Comment: Compression/Efficiency and Model Architecture: global context compression in Transformers via interleaved vision–text tokens, reducing memory/FLOPs and token count.

Relevance: 10 Novelty: 8

5. The Geometry of Thought: Disclosing the Transformer as a Tropical Polynomial Circuit

ArXiv ID: 2601.09775

Authors: Faruk Alpay, Bilge Senturk

Abstract: We prove that the Transformer self-attention mechanism in the high-confidence regime ($\beta \to \infty$, where $\beta$ is an inverse temperature) operates in the tropical semiring (max-plus algebra). In particular, we show that taking the tropical limit of the softmax attention converts it into a tropical matrix product. This reveals that the Transformer's forward pass is effectively executing a dynamic programming recurrence (specifically, a Bellman-Ford path-finding update) on a latent graph defined by token similarities. Our theoretical result provides a new geometric perspective for chain-of-thought reasoning: it emerges from an inherent shortest-path (or longest-path) algorithm being carried out within the network's computation.

Comment: Architecture theory: shows self-attention’s tropical (max-plus) limit, linking transformers to dynamic programming/shortest-path.

Relevance: 9 Novelty: 9

6. MoST: Mixing Speech and Text with Modality-Aware Mixture of Experts

ArXiv ID: 2601.10272

Authors: Yuxuan Lou, Kai Yang, Yang You

Abstract: We present MoST (Mixture of Speech and Text), a novel multimodal large language model that seamlessly integrates speech and text processing through our proposed Modality-Aware Mixture of Experts (MAMoE) architecture. While current multimodal models typically process diverse modality representations with identical parameters, disregarding their inherent representational differences, we introduce specialized routing pathways that direct tokens to modality-appropriate experts based on input type. MAMoE simultaneously enhances modality-specific learning and cross-modal understanding through two complementary components: modality-specific expert groups that capture domain-specific patterns and shared experts that facilitate information transfer between modalities. Building on this architecture, we develop an efficient transformation pipeline that adapts the pretrained MoE language model through strategic post-training on ASR and TTS datasets, followed by fine-tuning with a carefully curated speech-text instruction dataset. A key feature of this pipeline is that it relies exclusively on fully accessible, open-source datasets to achieve strong performance and data efficiency.
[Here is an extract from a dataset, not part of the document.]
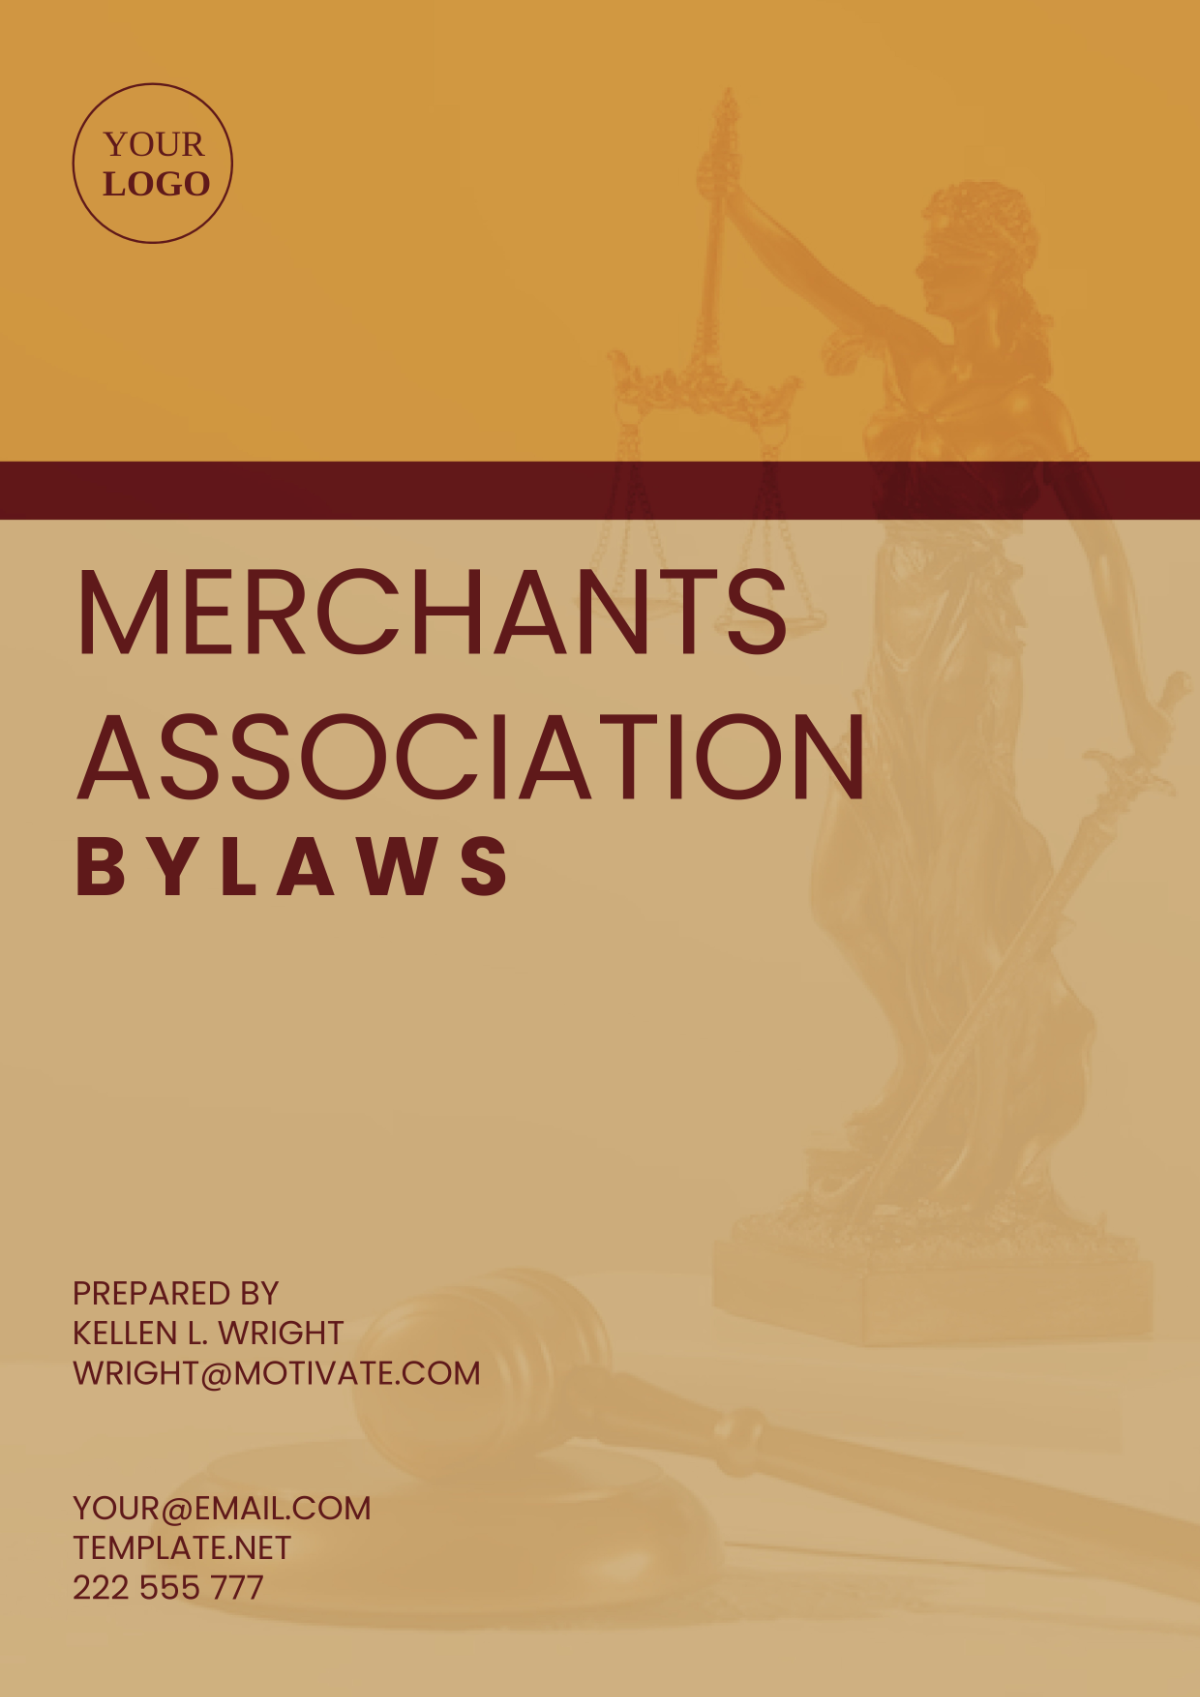 Merchants Association Bylaws Template

Comprehensive evaluations across ASR, TTS, audio language modeling, and spoken question answering benchmarks show that MoST consistently outperforms existing models of comparable parameter counts. Our ablation studies confirm that the modality-specific routing mechanism and shared experts design significantly contribute to performance gains across all tested domains. To our knowledge, MoST represents the first fully open-source speech-text LLM built on a Mixture of Experts architecture. \footnote{We release MoST model, training code, inference code, and training data at https://github.com/NUS-HPC-AI-Lab/MoST

Comment: Model architecture: Modality-Aware Mixture-of-Experts with modality-specific routing and shared experts (MoE).